Più caldo, più acido e più inospitale per le specie che lo abitano. Le conseguenze della crisi climatica sul mare sono più gravi di quanto si temesse in passato: gli oceani hanno assorbito oltre il 90% del calore in eccesso in virtù del surriscaldamento globale e rischiamo di essere la prima vittima del clima che cambia repentinamente destabilizzando non solo i flussi metereologici ma anche quelli marini.
Secondo l’ultimo rapporto dell’Ipcc, il Gruppo Intergovernativo sul Cambiamento Climatico che si occupa di studiare il riscaldamento globale, entro il 2100 “l’oceano assorbirà da 2 a 4 volte più calore rispetto all’intervallo compreso dal 1970 ad oggi”. E alla fine di questo secolo il livello del mare potrebbe aumentare di più di un metro, due metri negli scenari più pessimistici, rispetto a oggi, se non riduciamo sensibilmente le emissioni globali di CO2. Il trend tra il 2007 è il 2016 è stato infatti di un aumento di 4 millimetri l’anno.
Oceani più caldi significa anche acque più acide e con meno ossigeno: questo genera effetti a catena sul mondo animale e vegetale che li popola.
Rispetto all’inizio dell’età industriale l’acidità è aumentata del 26% a livello globale e anche nel Mediterraneo si cominciano a manifestare le conseguenze, con specie che rischiano di estinguersi e nuove specie originarie dai mari più caldi che migrano alle nostre latitudini.
“La riduzione delle emissioni di gas serra limiterà gli impatti sugli ecosistemi marini che ci forniscono cibo, sostengono la nostra salute e modellano le nostre culture”, ha affermato Hans-Otto Pörtner, co-chair del Working Group II dell’Ipcc. “Ridurre le altre pressioni, come l’inquinamento, aiuterà ulteriormente la vita marina a gestire i cambiamenti che avvengono nel suo ambiente, consentendo nel contempo un oceano più resiliente”.
Cosa può fare la politica? Per Hans-Otto Pörtner “politiche quadro, come quelle per la gestione della pesca e delle aree marine protette, offrono alle comunità opportunità di adattarsi ai cambiamenti e di minimizzare i rischi per i nostri mezzi di sussistenza”.

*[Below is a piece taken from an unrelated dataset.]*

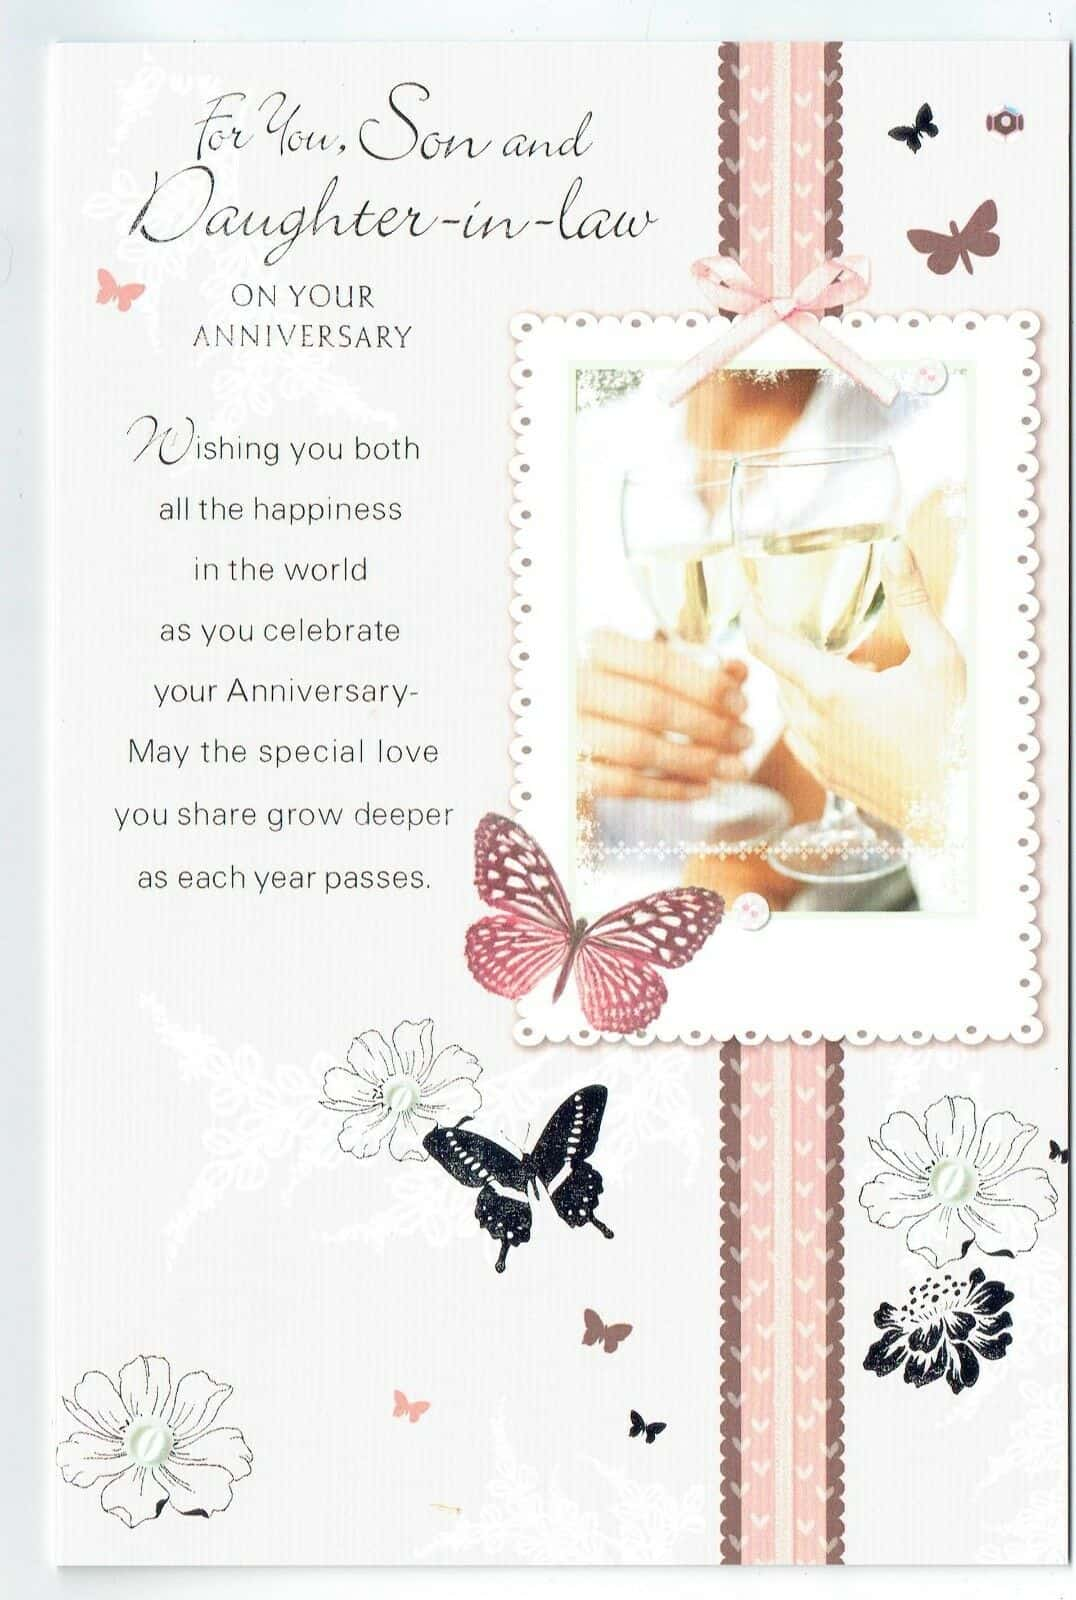 CUTE HAPPY ANNIVERSARY SON DAUGHTER-IN-LAW ANNIVERSARY CARD 2 DESIGNS 1ST P/&P

Quello che chiede la comunità scientifica è di mettere il mare al centro dell’agenda politica. Nel frattempo, L’Italia si porta avanti in questo campo con la legge #Salvamare approdata ora al Senato dopo essere stata approvata alla Camera. Per la prima volta, il Parlamento approverà una legge a tutela dei mari, fiumi e laghi. Un piccolo grande passo che mira a difendere gli ecosistemi marini sempre più soffocati dalla plastica e dai rifiuti, elementi di forte criticità che spesso si aggiungono alle conseguenze del cambiamento climatico contribuendo a compromettere pesantemente l’ecosistema marino.
Un altro importante passo messo in campo dal Governo e fortemente voluto dal Movimento 5 Stelle sarà la conversione in legge del decreto Clima messo a punto dal ministro dell’Ambiente Sergio Costa. Il decreto darà un forte impulso alla riduzione delle emissioni e alla conversione in chiave ecologica della nostra economia, incentiverà la vendita dei prodotti sfusi e la riduzione del quantitativo di plastica e imballaggi nelle nostre case e nelle discariche, puntando su database ambientali finalmente accessibile e più alberi nelle città.
Quando parliamo di innalzamento degli oceani, dobbiamo pensare che le conseguenze non riguardano soltanto lontane località esotiche e le isole come le Maldive che entro la fine del secolo potrebbero finire sommerse. Oltre un quarto della popolazione mondiale vive a meno di 100 km dalla costa e a meno di 100 metri sul livello del mare: tra queste 17 città con una popolazione di almeno 5 milioni di abitanti. Tra città costiere sommerse, eventi meteorologici estremi, acqua di falda che viene ‘contaminata’ da quella salata dei mari che avanzano e mare meno pescoso, a cambiare non sarà soltanto la geografia ma anche la vita di miliardi di persone.
Difendere il mare fronteggiando le conseguenze del cambiamento climatico significa dunque difendere le nostre città, significa difendere la biodiversità e tutto quello che di buono essa produce per gli esseri umani, a cominciare dalla pesca e dal cibo in generale. Tante ragioni in più per puntare tutto su un’economia e una società che facciano dell’ambiente la chiave di volta su cui costruire nuove opportunità di benessere e occupazione, salvando il Pianeta ma soprattutto la nostra specie.